Using DML queries in these functions
If you are using DML (insert/update/delete) queries in stored functions, and you are calling them in the select list, you have to be careful because if MySQL creates temp tables it will call those queries for all the rows in the temp table as well. So you might just want to insert only one row in another table, as you will end up with thousands if not.
How can we avoid this?
If you are facing this issue, you have to analyze your queries. You might only need an extra index to avoid temp tables, or you could rewrite the query.
Where can I see if this is happening?
Unfortunately, in this case, the slow query log cannot help us, because these function calls and the queries from the functions are not logged. This could also be a feature request because it would make debugging much easier. (I have already created a feature request in Percona Server to log queries from stored functions.)
However, in the slow query log for the original query, the Rows_examined
would be very high if you are using stored functions and that number is way higher than it should be and might cause problems.
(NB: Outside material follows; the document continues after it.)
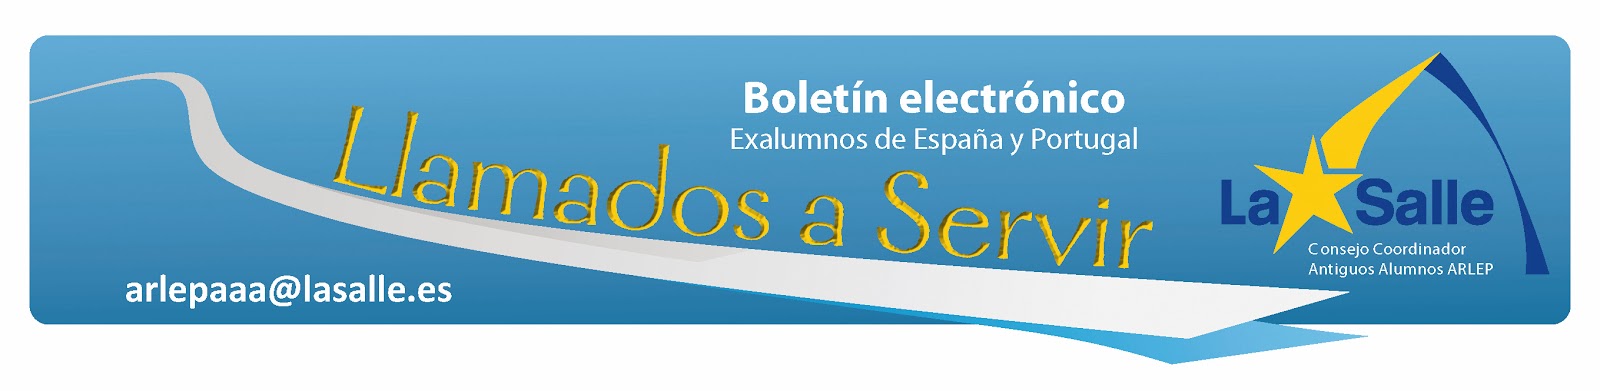 http://www.lasalle.es/aaa/docs_web/e-boletin/Boletin_21.pdf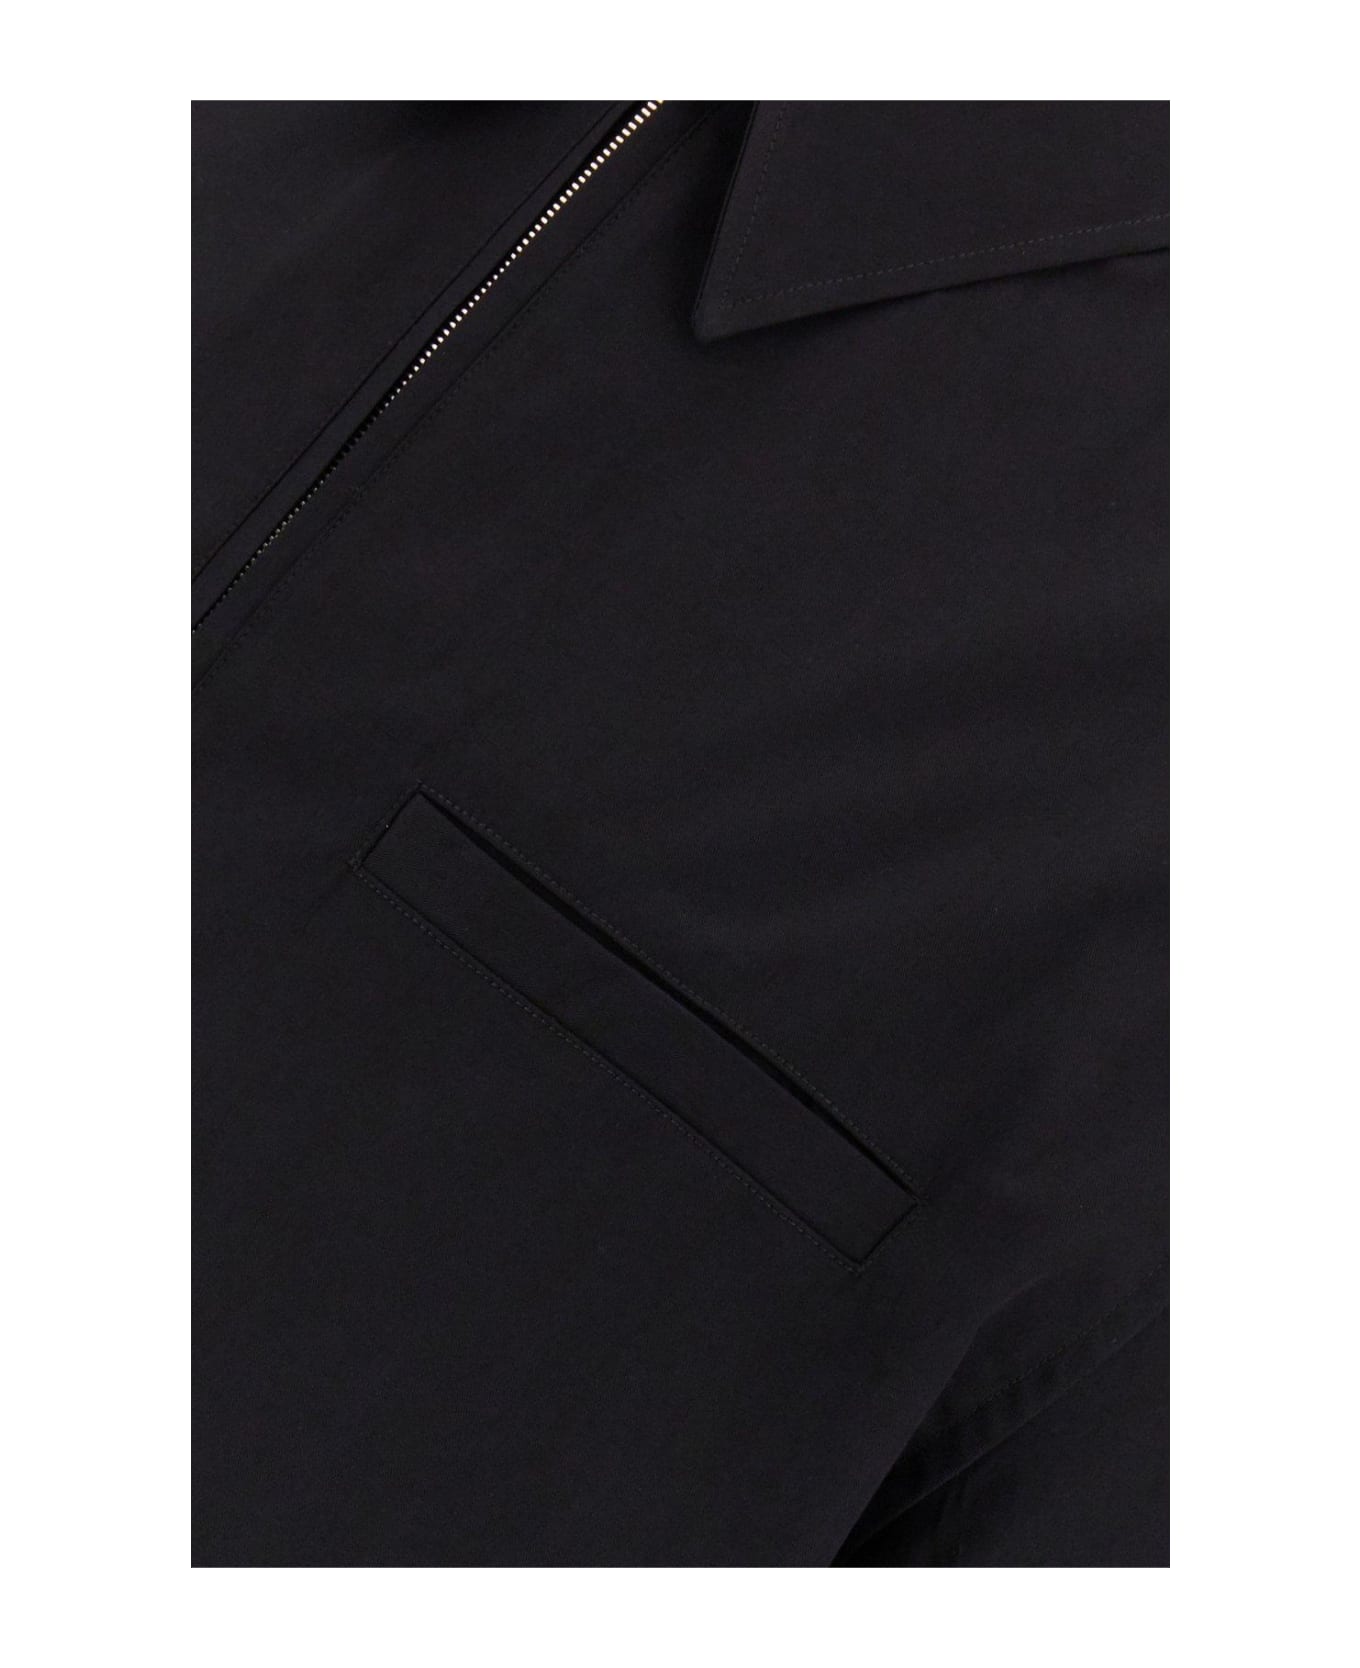 Givenchy Zipped Short-sleeved Shirt

Also, the general log can be helpful for investigating the problem here, because in the general log we can see all these function calls as well.
Conclusion
If you are using stored functions in Select list, you have to make sure the query does not use temp tables, otherwise, it could cause many extra queries in the background.
This is a normal behavior, because ordering executed on temp table (by special order algorithm differs from memory qsort 🙂 ) and all rows required before sorting. Limit operation can be run after sorting of course.
So this is a special sose effect, thx for info.
PS: explain can show the temp file usage?
Szia Balazs,
Yeah, I know and understand why does this happening, but maybe somehow it could be improved. In this special cases when you have functions in the select list can be very expensive to run the functions for each row.
Here is the explain for the query which uses temp tables:
mysql [localhost] {msandbox} (test) > explain SELECT fcol, SLEEP(1) FROM t1 WHERE 1 GROUP BY fcol LIMIT 1\G
*************************** 1. row ***************************
id: 1
select_type: SIMPLE
table: t1
partitions: NULL
type: ALL
possible_keys: NULL
key: NULL
key_len: NULL
ref: NULL
rows: 5
filtered: 100.00
Extra: Using temporary
1 row in set, 1 warning (0.00 sec)
And yes in Extra it says it is going to use a temp table.